Question 2: Storing CUDA dependencies under corresponding engines.

/cortex
    /engines
        /cortex.llamacpp
            /deps                               # CUDA dlls
        /cortex.tensorrt-llm
            /deps                               # CUDA dlls

Caveats:

Additional thought @vansangpfiev , I think when we change the CI for engine, could we associated a file which contains the versions of the engine and info of its dependencies. This will help for engine list command in the future. wdyt? cc @nguyenhoangthuan99

0xSage commented 2 weeks ago
  1. What if llamacpp vs tensorrtllm dependencies start to conflict?

  2. Do we care about engine portability. And does doing a dynamic library search path on windows affect portability.

  3. How will we do maintenance and updates? i.e.

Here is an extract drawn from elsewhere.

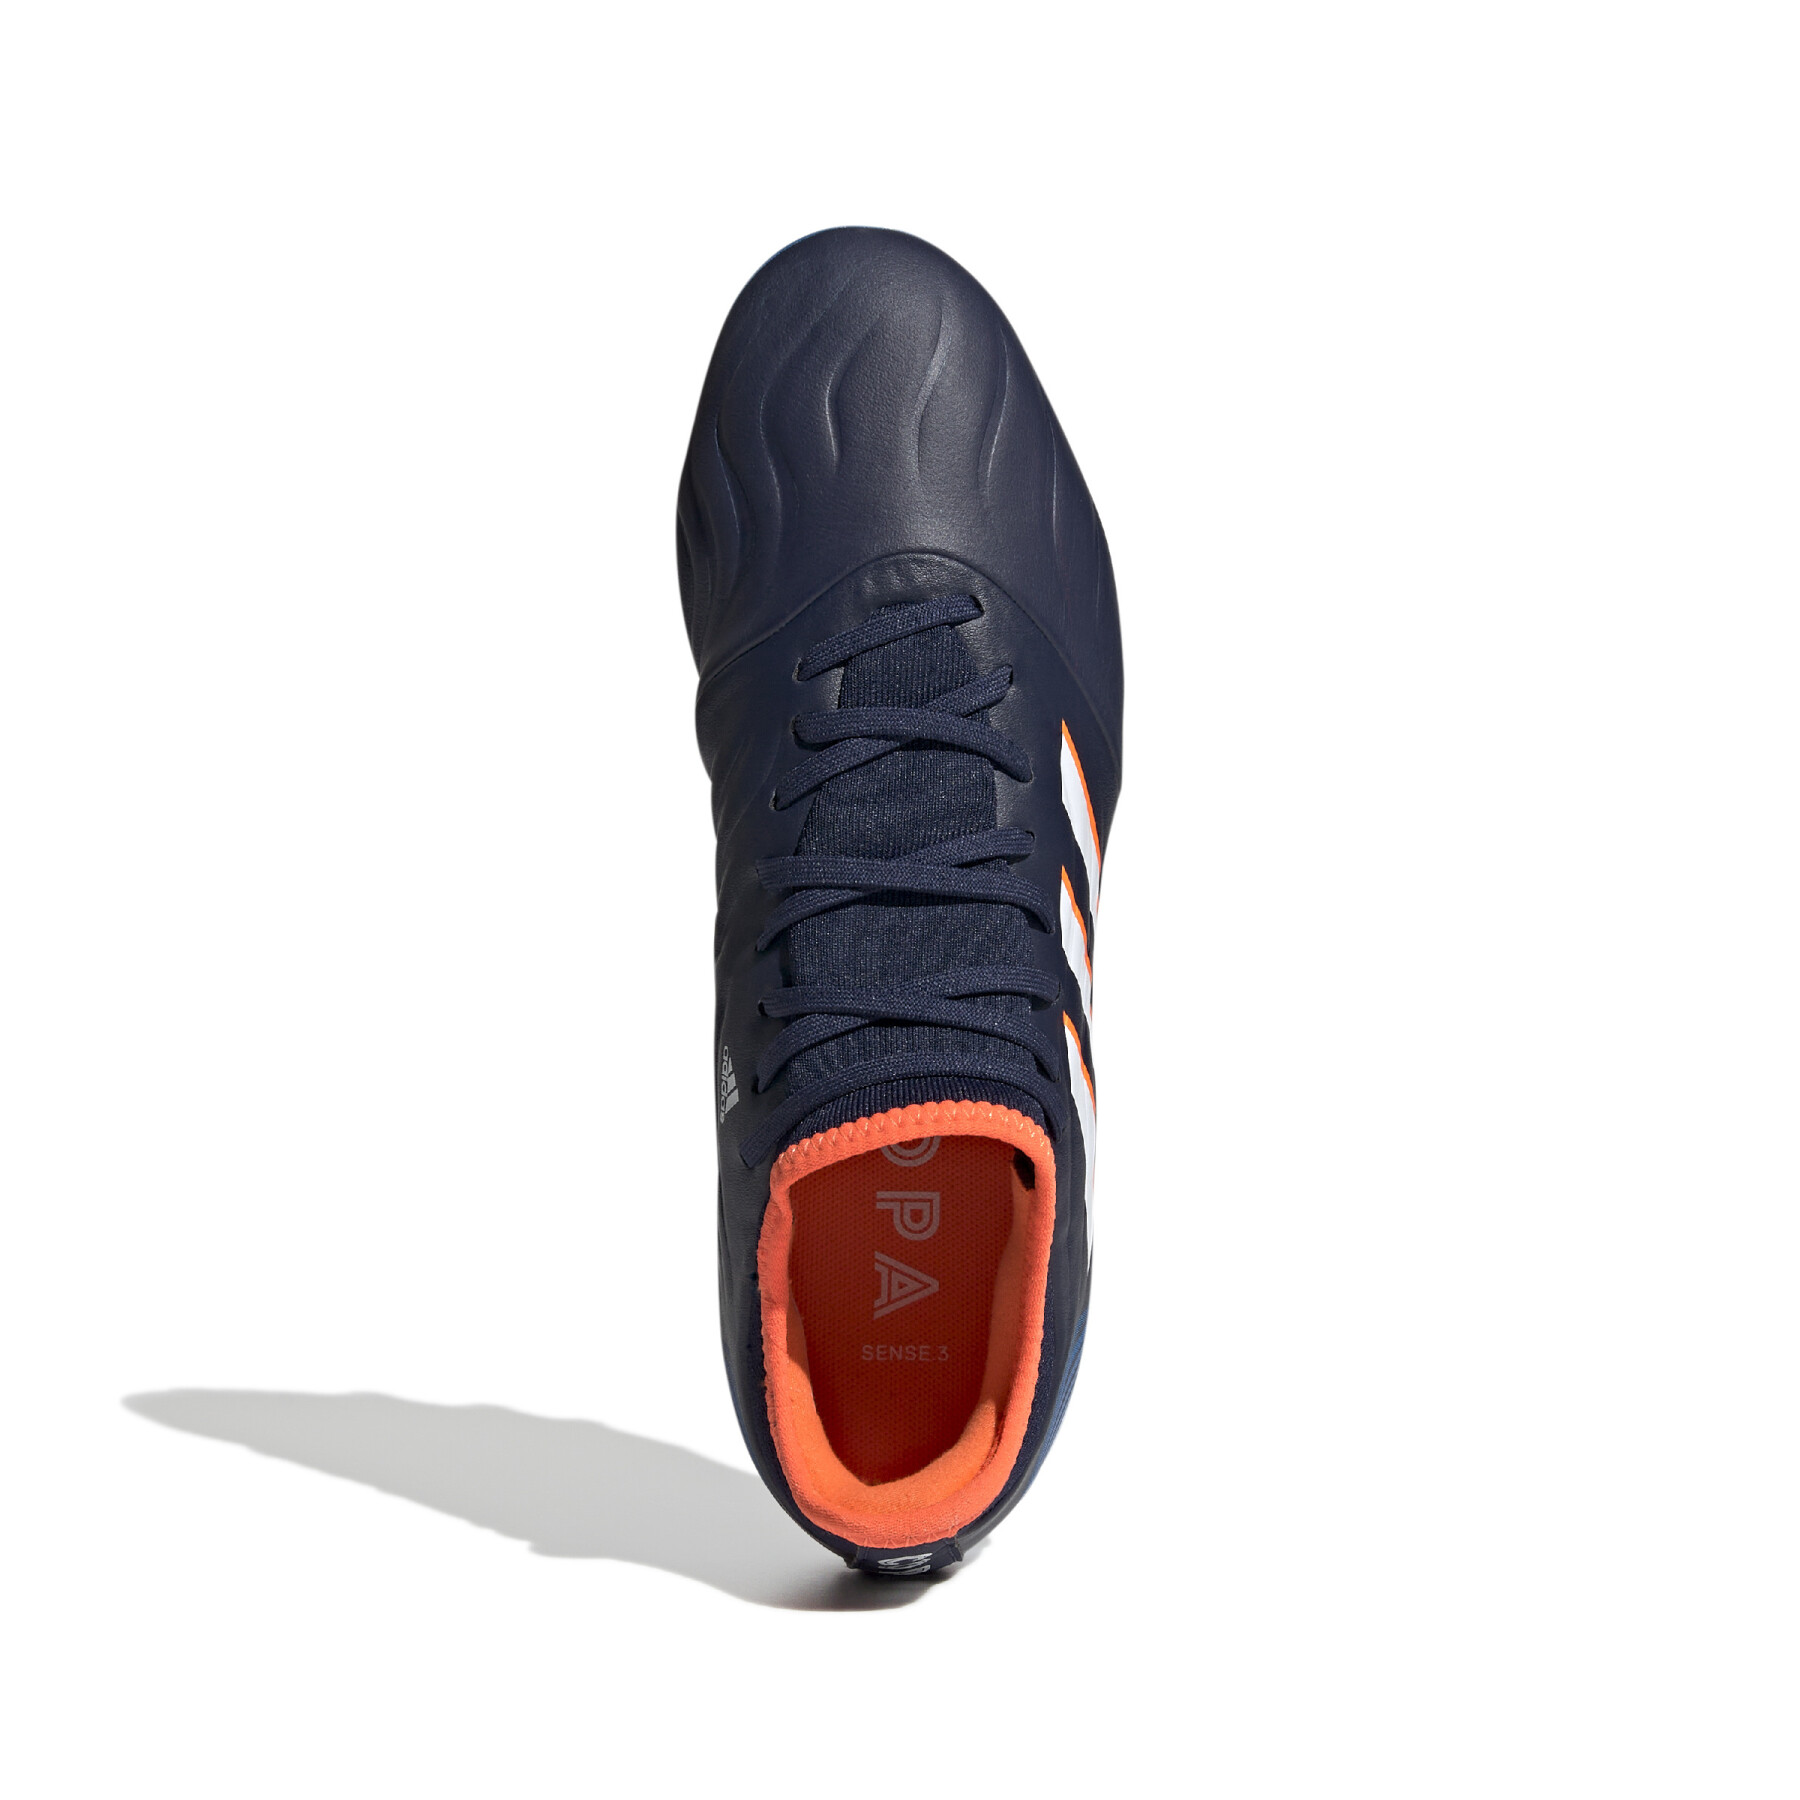 Chaussures de football adidas Copa Sense.3 MG - Sapphire Edge Pack

    • cortex update requires dependency bumps
    • cortex update doesn't require dependency bump (easier)
  4. Is this a dumb idea: store CUDA dependencies in a central location, such as a separate deps directory at the project root, and then use symbolic links or environment variables to point to the engine-specific dependencies.

/.cortex
    /deps
        /cuda
            cuda-11.5 or whatever versioning
    /engines
        /cortex.llamacpp
            /bin
        /cortex.tensorrt-llm
            /bin
  1. Are there dependency mgmt tools we can use to manage this better?
namchuai commented 2 weeks ago

@0xSage , here's my thought. Please correct me if I'm wrong @nguyenhoangthuan99 @vansangpfiev

  1. What if llamacpp vs tensorrtllm dependencies start to conflict?
    • Yeah, that's why we separating dependencies for cortex.llamacpp and cortex.tensorrt-llm
      /engines
      /cortex.llamacpp
          /deps
      /cortex.tensorrt-llm
          /deps
  2. Do we care about engine portability. And does doing a dynamic library search path on windows affect portability.
    • Hmm, I might not really get what do you meant by portability. Regarding the dynamic library search path, it's because, in windows, the program will search for the DLLs at the current path (IIRC, same path as the executable). But we are about to put the dependencies under cortex.llamacpp/deps and cortex.tenssorrt-llm/deps, we need to tell the OS where to look for the DLLs.
  3. How will we do maintenance and updates? I think this is good question. We haven't decided on this yet. WDYT? @vansangpfiev @dan-homebrew @nguyenhoangthuan99 @hiento09
  4. Separating CUDA dependencies? I think this is good idea. But separates DLLs might cost us some efforts to handle it properly? I'm not sure. WDYT? @vansangpfiev @dan-homebrew @nguyenhoangthuan99
  5. Are there dependency mgmt tools we can use to manage this better? I think no. Currently, I think we only have cortexcpp and the default behavior of install is replace.
vansangpfiev commented 2 weeks ago

For 3, I think we can do the maintenance and updates by versioning: generate a file (for example version.txt) for each release, which has metadata for engine version and cuda version. We will update cuda dependencies if needed. For 4, I think it is easier for us to locate all cuda dependencies in the same folder as engine because we don't need to check which cuda version is using for which engine version

dan-homebrew commented 2 weeks ago

@vansangpfiev @namchuai @0xSage Quick responses:

Per-Engine Dependencies

Is this a dumb idea: store CUDA dependencies in a central location, such as a separate deps directory at the project root, and then use symbolic links or environment variables to point to the engine-specific dependencies.

I also agree with @vansangpfiev: let's co-locate all CUDA dependencies with the engine folder.

Simple > Complex, especially since model files are >4gb.

Updating Engines

For 3, I think we can do the maintenance and updates by versioning: generate a file (for example version.txt) for each release, which has metadata for engine version and cuda version. We will update cuda dependencies if needed.

I also think we need to think through the CLI and API commands:

cortex engines update tensorrt-llm
PUT <API URL>? 

Naming

I wonder whether it is better for us to have clearer naming for Cortex engines:

This articulates the concept of Cortex engines more clearly. Hopefully, with a clear API, the community can also step in to help build backends.

We would need to reason through cortex.python separately.